Although the panel opened with several general statements about the state of the county as a whole, Mr. Ahmed boldly offered up statistics of the various hate crimes, attacks and other incidents that have occurred since November 8th, citing an article as the Huffington Post and other news sources have been tracking the uptick of such incidents. It was a sobering moment for everyone, as it began to accurately depict just what is going on throughout the county and what minority communities are facing. Reverend Brower and Ms. Paguaga echoed the unease that their respective communities are feeling, and a general worry about the future.

It was clear very early on that many of those in attendance were looking to the elected official present to affirm what they would do legislatively to protect their constituents and their civil liberties. Senator McPike offered a much more firm and sympathetic acknowledgment of what was going on in the community than Delegate Anderson, with McPike (unlike Anderson) able to mention at least one bill he was working on which would help improve the lives of those in the community in hopes of promoting harmony. Delegate Anderson, by contrast focused much more on the community itself, and only finally admitted to not having any real bills or plans for bills to address the issues brought up after multiple follow ups by the attendees.

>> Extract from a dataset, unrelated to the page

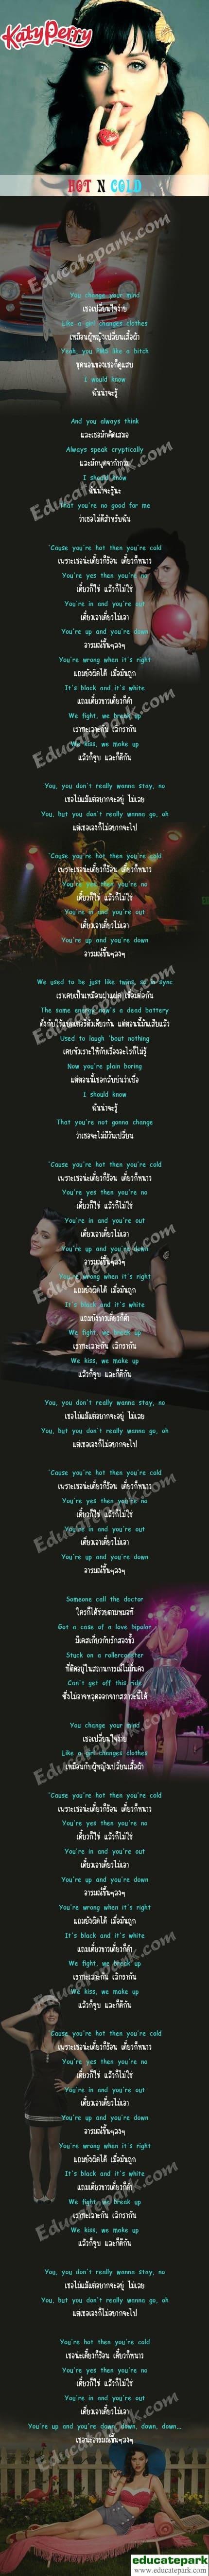 แปลเพลง Hot N Cold - Katy Perry

Delegate Anderson at one point said that he doesn’t believe that we can “legislate harmony” within the community.

This is where my recounting of events ends and my commentary begins — I disagree with such an assessment.

While one cannot legislate in a way to force people to get along, it is entirely possible to create a type of environment — through laws — where prosperity is possible and inequality is nearly non-existent. Allowing all of our constituents a chance to achieve real progress in their lives means that they can take ownership of their situations, which definitely lowers the chance of the kinds of resentment and other negative emotions we’ve seen over the past few years. On top of that, putting in clear legislation which bans discriminatory practices and affirmatively protects the civil liberties of our fellow Virginians would go a long way in addressing the sense of unease among the different communities in the county.

This isn’t to say that the onus falls squarely upon the shoulders of our elected officials. Quite the contrary; I have already written at length elsewhere about the necessity of grassroots community organizing and mobilization in order for the broader community to engage in the political process and protect our fellow Virginians. It’s just that we still look to our elected officials to be leaders, and they need to have the courage to take bold action on their end to help us. Real change only comes when there is both pressure from the bottom and a willingness to act on that pressure from the top.

In my humble opinion, reinvigorating the Civil Rights Act and drafting up a Second Bill of Rights would be a good start. It’s time for us to actually be proactive about affirming our ideals of progress, solidarity and equality on top of playing defense against whatever may come.

As Senator McPike said, “we have to stand up and be vigilant with each step that does come up, and vote accordingly. We know we have real inequities across the system and we have to open our eyes to them and address them.”

That is the real cost of healing — forcing ourselves to acknowledge and address the inequalities in our system, and to engage everyone in how best to address those inequalities. That’s how progress is made.